Opinions
2019.08.15 18:59 GMT+8

If you wait for the robins, spring will be over

Updated 2019.08.15 18:59 GMT+8
CGTN

Editor's note: Chen Jiahe is the chief strategist at Cinda Securities. The article reflects the author's opinion and not necessarily the views of CGTN.

There's a very interesting picture on the internet centered on performance predictions of the Chinese economy. It features headlines of negative views about the Chinese economy since 1990. By now, it is evident that these warnings have missed the mark. It's an established fact that the Chinese economy has been the most successful in the past few decades, where one of the greatest economic miracles in history has taken place.

Critics are now comparing the Chinese economy to the economic status of Japan in the late 1980s. Indeed, you can find some similarities between the two. A real estate bubble and trade dispute with the United States are two of the commonalities between today's China and Japan at the time. However, there are two fundamental differences, so huge that they alone can result in absolute different outcomes.

First, the current economic development level of China is still mediocre. Its per capita GDP is now at less than 20 percent of the high income nations. On the contrary, the per capita GDP of Japan in the late 1980s was among the world's highest. This means the Chinese economy still has a much larger potential.

Secondly, the Chinese economy and market are huge. The economic size of Japan in the late 1980s was not small but not large enough to form a global economic center. It complemented well the U. S. economy, but was not able to stand alone as an economic center and isolate itself from the impact of trade policies of the other.

However, the economic size and the huge market of China today enable this market to become a self-sustainable economy. This means although the rigorous trade situation between China and the United States pose some pressure on the Chinese economy, this impact is not large enough to reverse China's economic growth.

As a result of the trade dispute, trade between China and the U.S. dropped by 9 percent in the first half of 2019. A smaller trading partner of the U.S. might be crashed by this trade shrinkage. However, a large economy has many other trade partners. During the same period, the trade value between China and Europe increased by 11.2 percent while with ASEAN, the value increased by 10.5 percent in the first six months of 2019. The Chinese economy still grows at the annual speed of 6.3 percent, one of the fastest in the world.

A recent worrisome economic indicator is that the growth rate of China's consumption is dropping.

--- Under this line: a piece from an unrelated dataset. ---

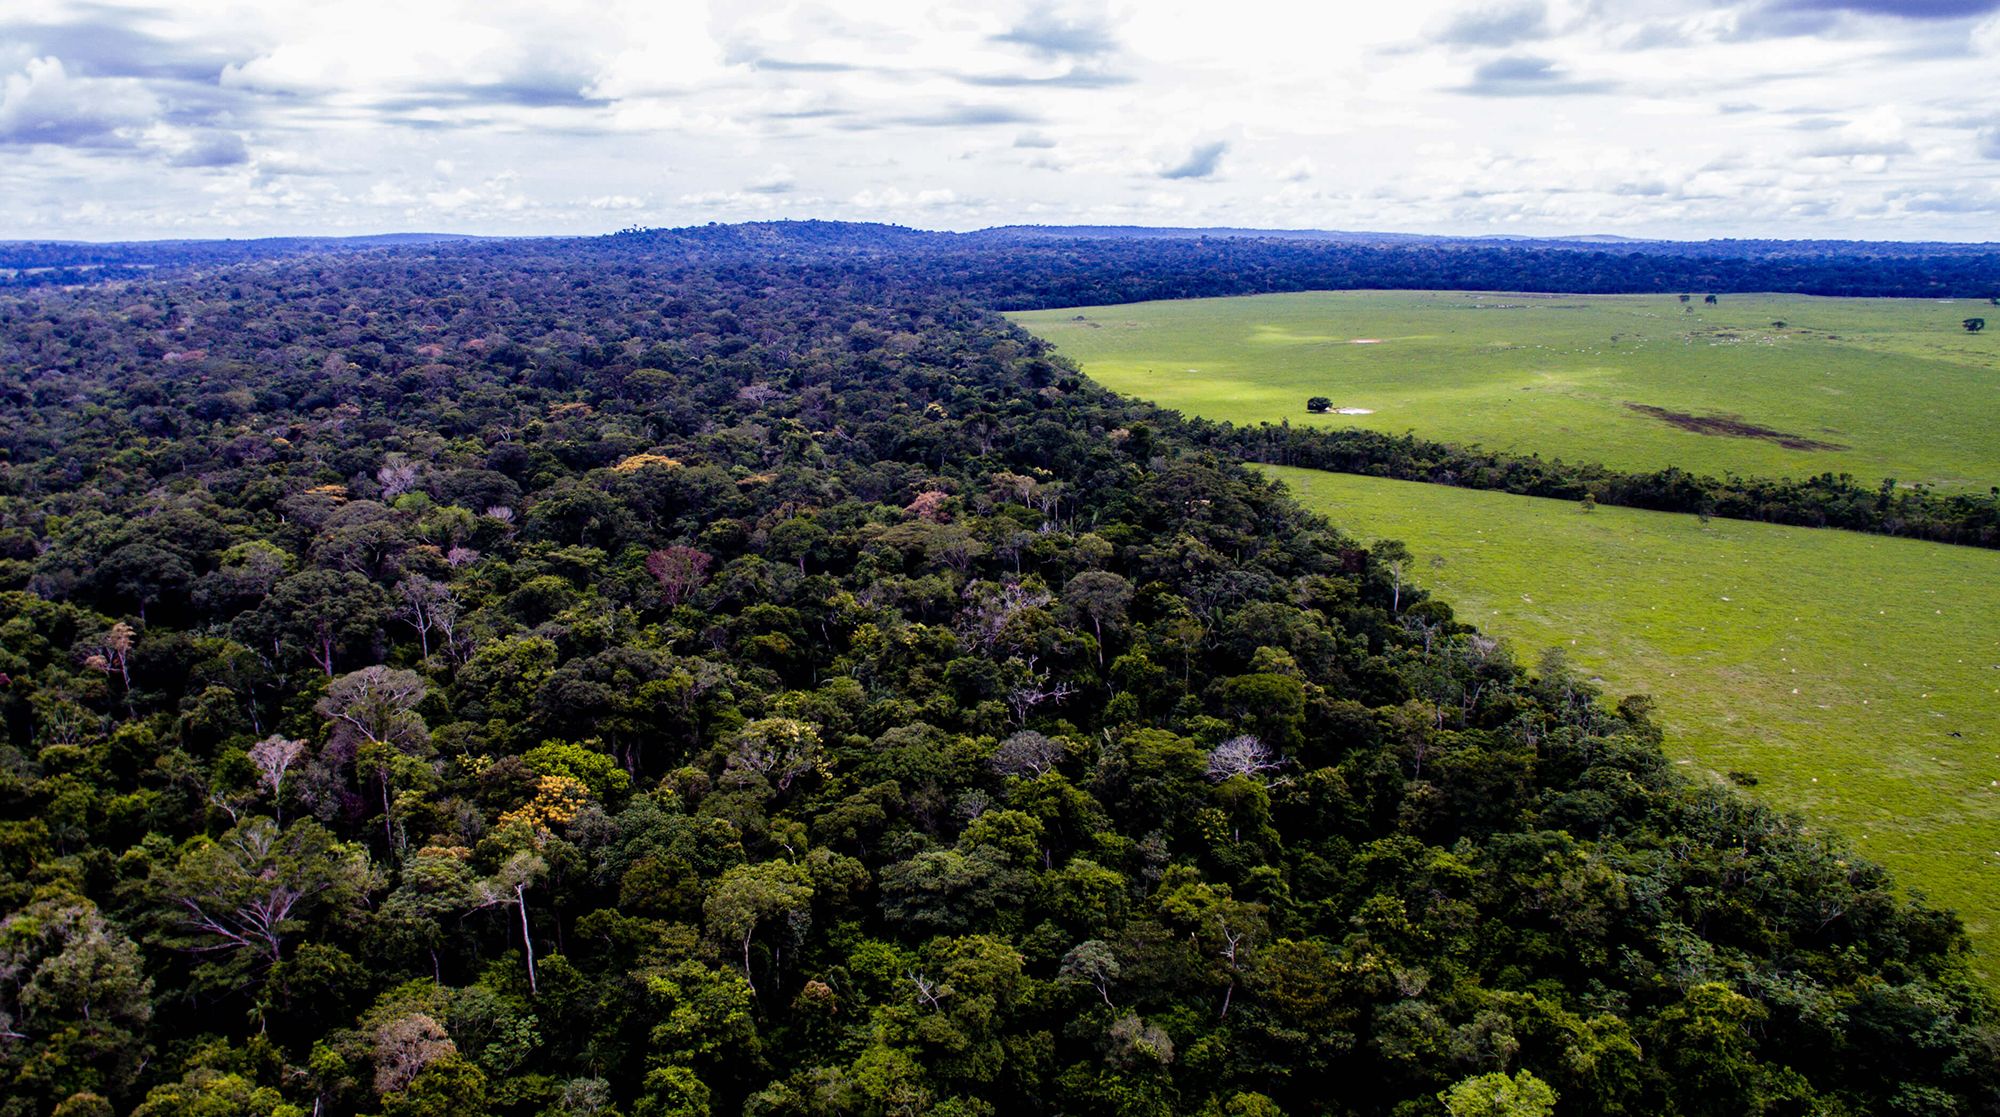 The forest and the farm near the Roosevelt River, Brazil. Image by Caio Mota. Brazil, 2019.

The total social consumption value grew at only 7.6 percent in July, much lower than a month earlier. However, this is mostly the consequence of dropping automobile sales. The total consumption value excluding the automobile industry grew at 8.8 percent in July, which is quite a comfortable speed.

Meanwhile, the current stagnation of the growth of automobile sales can be understood as a temporary issue, rather than a permanent setback. Currently every 1,000 Chinese people own around 170 automobiles. This is a level that is only around 30 percent of that in Japan, the United Kingdom and South Korea. While there is no geographic differences between the terrains of these countries — in fact the cities of Japan and South Korea are even more crowded — there is no reason why China's possession of cars will stop at this low level. The current stagnation of automobile consumption is therefore only a temporary issue.

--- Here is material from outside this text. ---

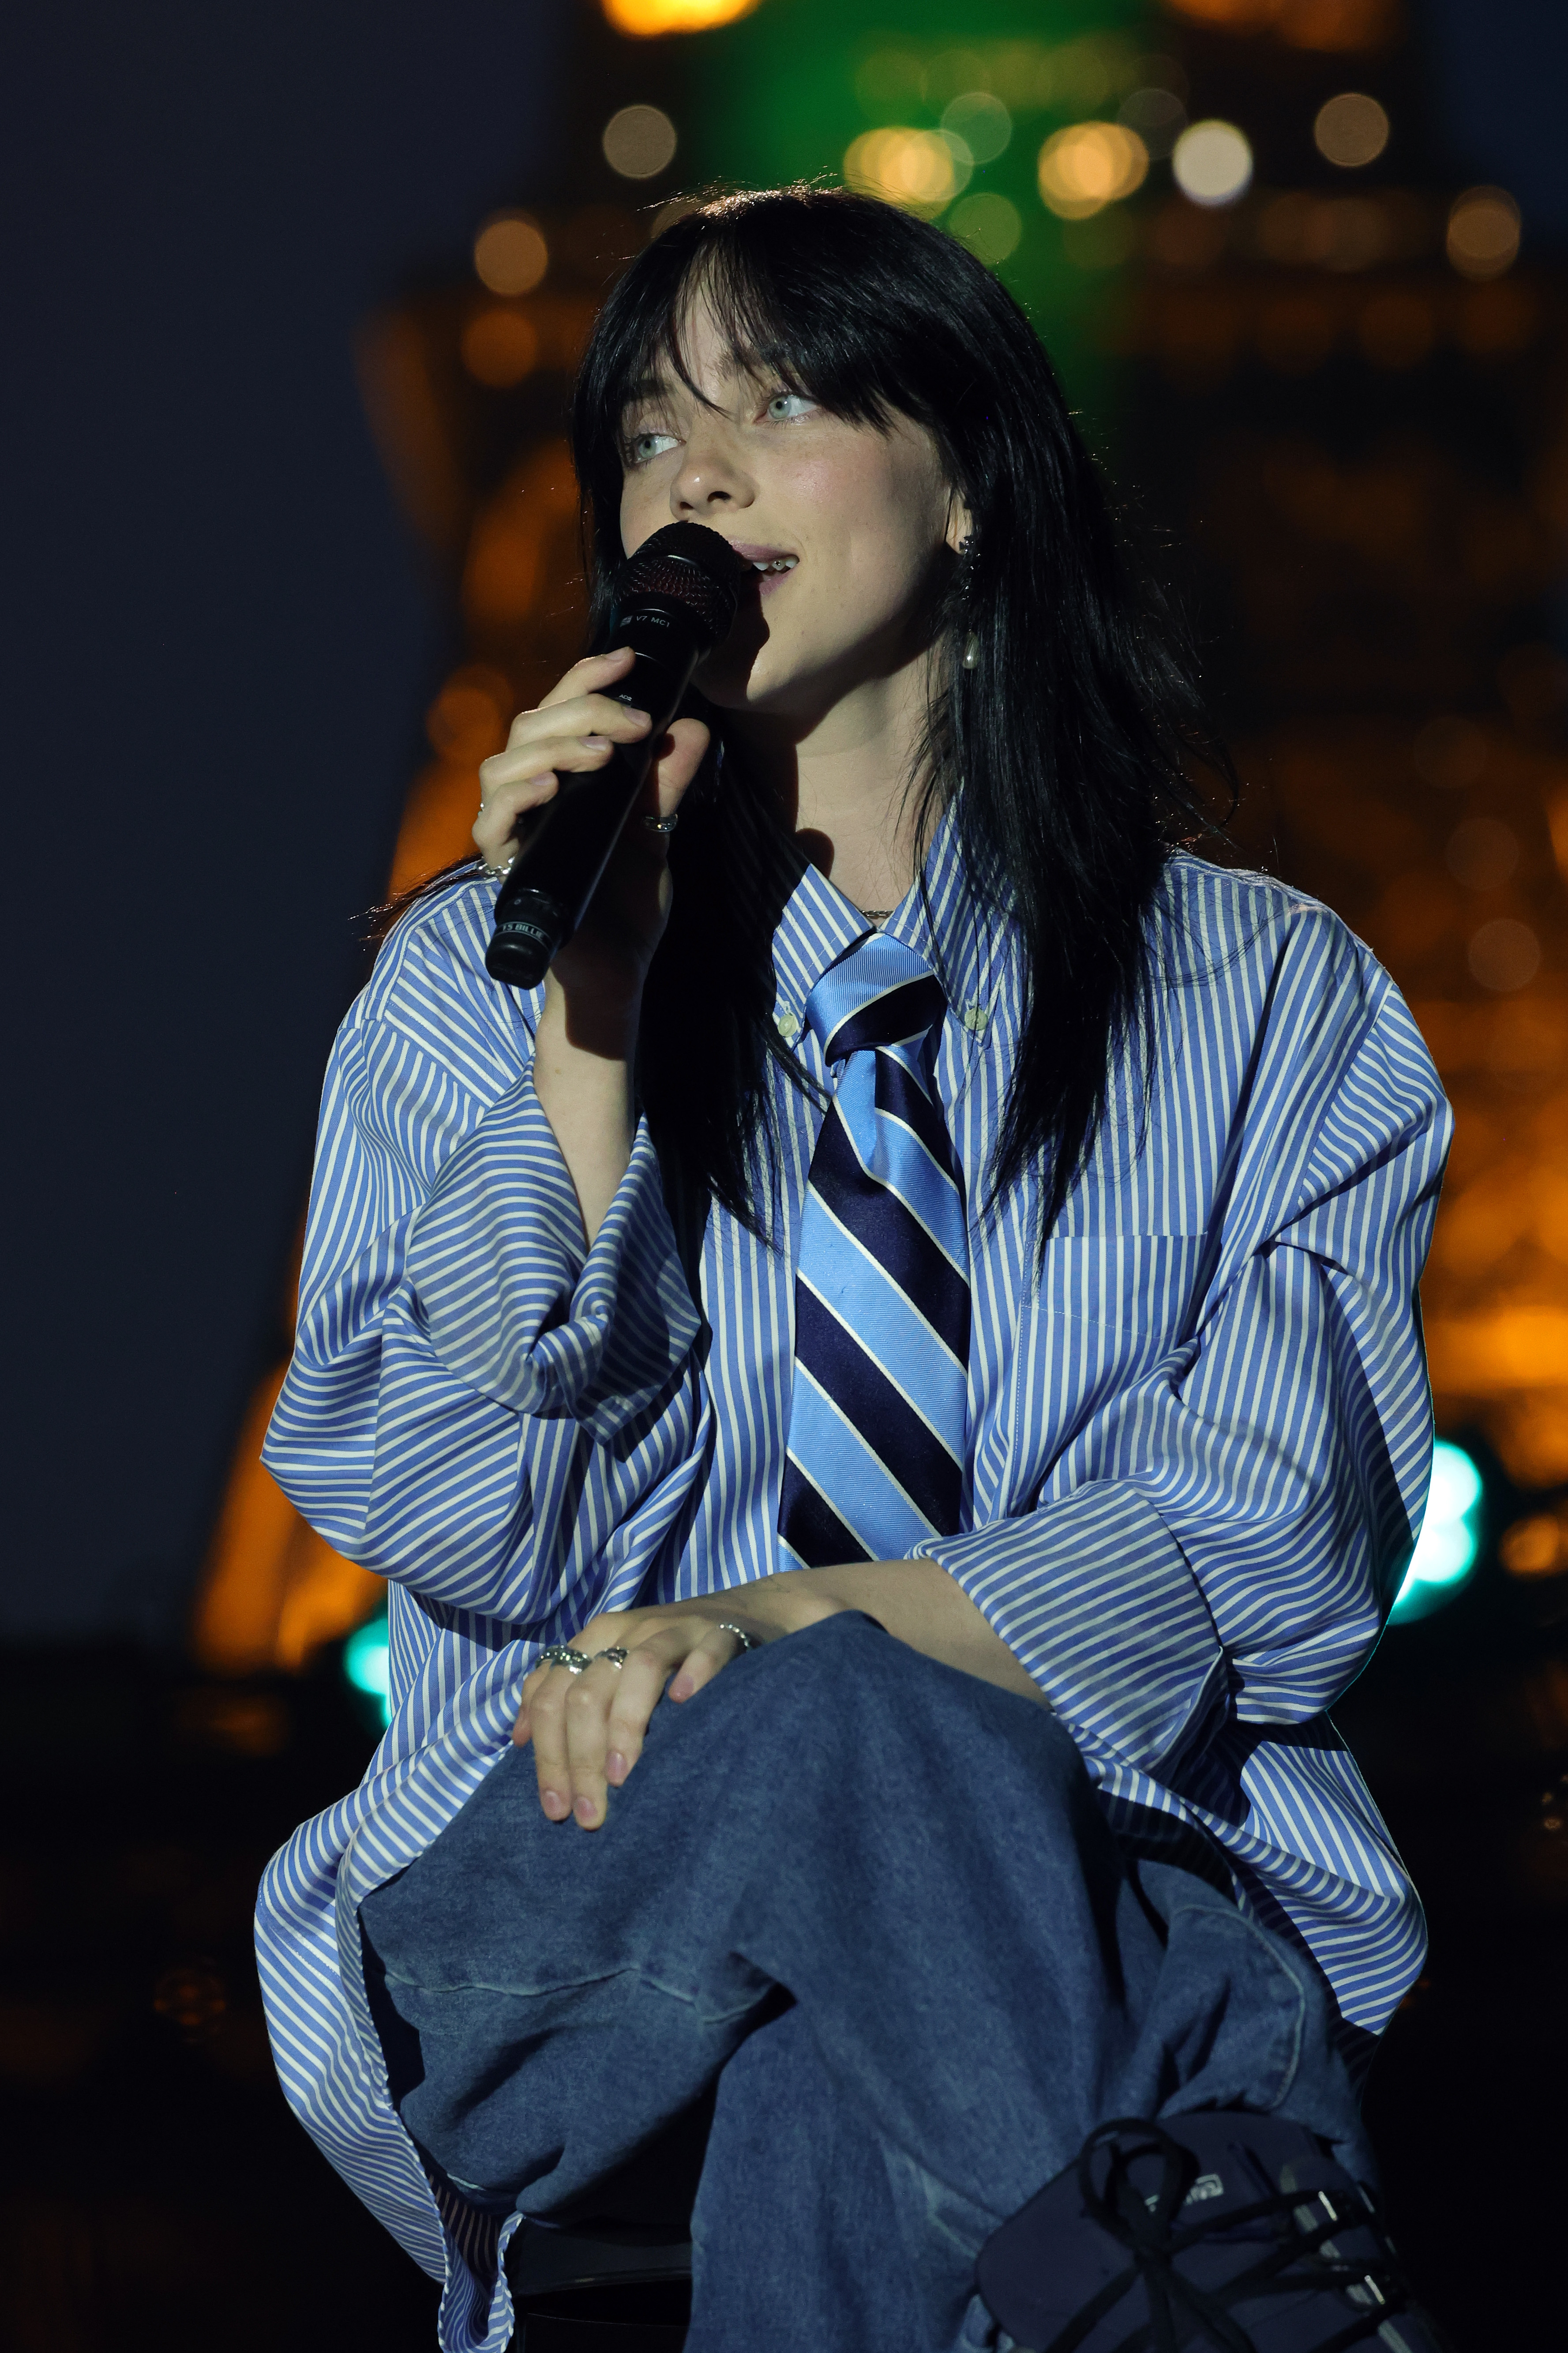 Billie Eilish performing, wearing a striped shirt with a necktie and holding a microphone

Veteran investors looking at the capital markets of China should look at the situation from a different perspective.

Although the current economic situation of China is not as shiny as it was a few years back, the lower economic growth speed is accomplished by much lower prices for valuable assets. Although a faster economic development speed can make investors more comfortable, but what will the asset prices be like when China’s economy regains its previous development speed? The veteran investors shall always remember the metaphor made by Warren Buffett when they analyze the Chinese market today: "If you wait for the robins, spring will be over."